Docker and Kubernetes take different approaches to attach emphemeral volumes (backed by tmpfs) to the container.

When an empheral volume is attached using kubernetes (by setting empty.medium to "Memory" in the yaml as described here), the corresponding docker container's config.v2.json looks this,

"MountPoints": {
        "/cache": {
            "Source": "/var/lib/kubelet/pods/366c3a75-4869-11e8-b479-507b9ddd5ce4/volumes/kubernetes.io~empty-dir/cache-volume",
            "Destination": "/cache",
            "RW": true,
            "Name": "",
            "Driver": "",
            "Type": "bind",
            "Propagation": "rprivate",
            "Spec": {
                "Type": "bind",
                "Source": "/var/lib/kubelet/pods/366c3a75-4869-11e8-b479-507b9ddd5ce4/volumes/kubernetes.io~empty-dir/cache-volume",
                "Target": "/cache"
            }
        },

Just to make sure the backing volume is indeed backed by tmpfs,

# mount |grep 366c3a75
tmpfs on /var/lib/kubelet/pods/366c3a75-4869-11e8-b479-507b9ddd5ce4/volumes/kubernetes.io~empty-dir/cache-volume type tmpfs (rw,relatime)
tmpfs on /var/lib/kubelet/pods/366c3a75-4869-11e8-b479-507b9ddd5ce4/volumes/kubernetes.io~secret/default-token-2w6d4 type tmpfs (rw,relatime)

However when you use docker directly to attach tmpfs by something like,

docker run   -it  --mount type=tmpfs,destination=/app,tmpfs-mode=1770  busybox sh

The corresponding config.v2.json for that container looks like,

"MountPoints": {
        "/app": {
            "Source": "",
            "Destination": "/app",
            "RW": true,
            "Name": "",
            "Driver": "",
            "Type": "tmpfs",
            "Spec": {
                "Type": "tmpfs",
                "Target": "/app",
                "TmpfsOptions": {
                    "Mode": 1016
                }
            }
        }
    }

As you can see when it comes to handling tmpfs based volumes using docker is pretty simple, but kubernetes doesn't let the container config know that the volume is of type tmpfs.
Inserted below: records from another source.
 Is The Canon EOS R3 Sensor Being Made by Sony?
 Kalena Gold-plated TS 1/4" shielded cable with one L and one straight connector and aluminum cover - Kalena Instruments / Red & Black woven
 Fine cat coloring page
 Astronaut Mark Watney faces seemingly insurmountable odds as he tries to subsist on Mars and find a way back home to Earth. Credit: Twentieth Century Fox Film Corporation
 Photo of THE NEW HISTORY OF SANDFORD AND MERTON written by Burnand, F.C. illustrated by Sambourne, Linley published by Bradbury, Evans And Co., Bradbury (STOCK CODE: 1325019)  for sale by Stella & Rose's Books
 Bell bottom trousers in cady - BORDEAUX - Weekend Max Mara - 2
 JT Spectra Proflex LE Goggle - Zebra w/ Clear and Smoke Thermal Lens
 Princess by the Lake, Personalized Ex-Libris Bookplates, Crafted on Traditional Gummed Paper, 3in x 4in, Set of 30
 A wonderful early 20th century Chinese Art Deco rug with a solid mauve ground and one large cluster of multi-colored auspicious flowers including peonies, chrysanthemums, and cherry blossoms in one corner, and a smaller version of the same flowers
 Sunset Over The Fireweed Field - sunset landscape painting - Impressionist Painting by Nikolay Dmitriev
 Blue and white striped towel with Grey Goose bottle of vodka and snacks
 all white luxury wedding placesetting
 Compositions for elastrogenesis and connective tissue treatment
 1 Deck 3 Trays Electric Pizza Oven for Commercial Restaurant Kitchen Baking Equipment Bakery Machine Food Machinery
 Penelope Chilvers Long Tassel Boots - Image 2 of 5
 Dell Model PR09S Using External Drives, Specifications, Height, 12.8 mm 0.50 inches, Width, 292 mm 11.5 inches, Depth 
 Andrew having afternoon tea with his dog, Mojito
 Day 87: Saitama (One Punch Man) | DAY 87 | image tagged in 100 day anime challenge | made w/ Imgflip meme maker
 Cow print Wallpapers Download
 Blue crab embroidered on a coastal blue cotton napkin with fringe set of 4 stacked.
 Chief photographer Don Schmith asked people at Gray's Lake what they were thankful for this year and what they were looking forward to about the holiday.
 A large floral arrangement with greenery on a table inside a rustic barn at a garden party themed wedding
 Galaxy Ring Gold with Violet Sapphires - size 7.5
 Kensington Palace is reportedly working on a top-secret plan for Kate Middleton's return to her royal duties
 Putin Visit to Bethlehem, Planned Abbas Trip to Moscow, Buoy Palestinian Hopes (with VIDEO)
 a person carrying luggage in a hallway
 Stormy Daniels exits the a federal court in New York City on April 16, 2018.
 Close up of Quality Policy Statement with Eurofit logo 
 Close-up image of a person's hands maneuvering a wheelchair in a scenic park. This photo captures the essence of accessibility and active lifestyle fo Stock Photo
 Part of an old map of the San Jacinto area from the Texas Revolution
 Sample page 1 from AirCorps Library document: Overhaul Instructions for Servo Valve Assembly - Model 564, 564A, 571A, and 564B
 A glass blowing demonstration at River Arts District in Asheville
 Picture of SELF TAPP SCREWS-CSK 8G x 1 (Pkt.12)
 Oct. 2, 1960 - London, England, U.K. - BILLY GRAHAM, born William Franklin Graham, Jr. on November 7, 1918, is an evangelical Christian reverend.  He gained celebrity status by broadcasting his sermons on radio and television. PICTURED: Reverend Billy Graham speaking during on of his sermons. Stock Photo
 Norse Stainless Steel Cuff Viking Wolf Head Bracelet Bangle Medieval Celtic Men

Instead, it just presents it as a regular bind mount.

So from a runtime's point of view how do we come up with the solution that works well with kubernetes? Kubernetes doesn't put anything specific to tmpfs in config of the container.

One of the solution could be to parse the Mounts of the spec and filter by kubernetes.io~empty-dir. We can treat those volumes where source has that string differently and instruct agent to just create that directory inside the VM's memory instead of passing it as 9pfs. But this solution would be too specific to kubernetes.

What do you guys think?

@bergwolf @egernst @gnawux @jbryce

grahamwhaley commented 6 years ago

Thanks for the detailed info @harche ! - /cc @amshinde

amshinde commented 6 years ago

Yeah, we will need to skip these mounts similar to what we do for "/dev/shm", which docker chooses to pass as bind mount as well instead of tmpfs . @harche You can take a look here: https://github.com/kata-containers/runtime/blob/master/virtcontainers/container.go#L300

linxiulei commented 5 years ago

My bad if I missed something. EmptyDir defined in k8s supposed having three types of medium, default, tmpfs, hugepage. And the default medium should be node disk instead of memdisk, should it be better we consider mount option before pass ephemeral volumes into guest and back to use 9pfs when it was backed by default medium

@harche @amshinde

mcastelino commented 5 years ago

@linxiulei your observation is correct. The medium should be node disk. If not it will be incorrectly accounted for. If not we will end up eating RAM when runc would not have. This will also cause issues with the scheduler. I will open a bug.

/cc @harche @amshinde

amshinde commented 5 years ago

I passed in two empty directories one with medium memory and other as default. In the config.json I see, that the two directories appear as:

                {
                        "destination": "/tmp/xchange",
                        "type": "bind",
                        "source": "/var/lib/kubelet/pods/d391df17-4698-11e9-b7d7-525400472345/volumes/kubernetes.io~empty-dir/xchange-kata",
                        "options": [
                                "rw",
                                "rbind",
                                "rprivate",
                                "bind"
                        ]
                },
                {
                        "destination": "/tmp/tmpemp",
                        "type": "bind",
                        "source": "/var/lib/kubelet/pods/d391df17-4698-11e9-b7d7-525400472345/volumes/kubernetes.io~empty-dir/tmpempty-kata",
                        "options": [
                                "rw",
                                "rbind",
                                "rprivate",
                                "bind"
                        ]
                }

There is no information about the medium that is passed to the OCI layer. The only way to handle this correctly would be to actually check if the directory is mounted as a tmpfs mount or not.

$ mount | grep empty
tmpfs on /var/lib/kubelet/pods/d391df17-4698-11e9-b7d7-525400472345/volumes/kubernetes.io~empty-dir/tmpempty-kata type tmpfs (rw,relatime)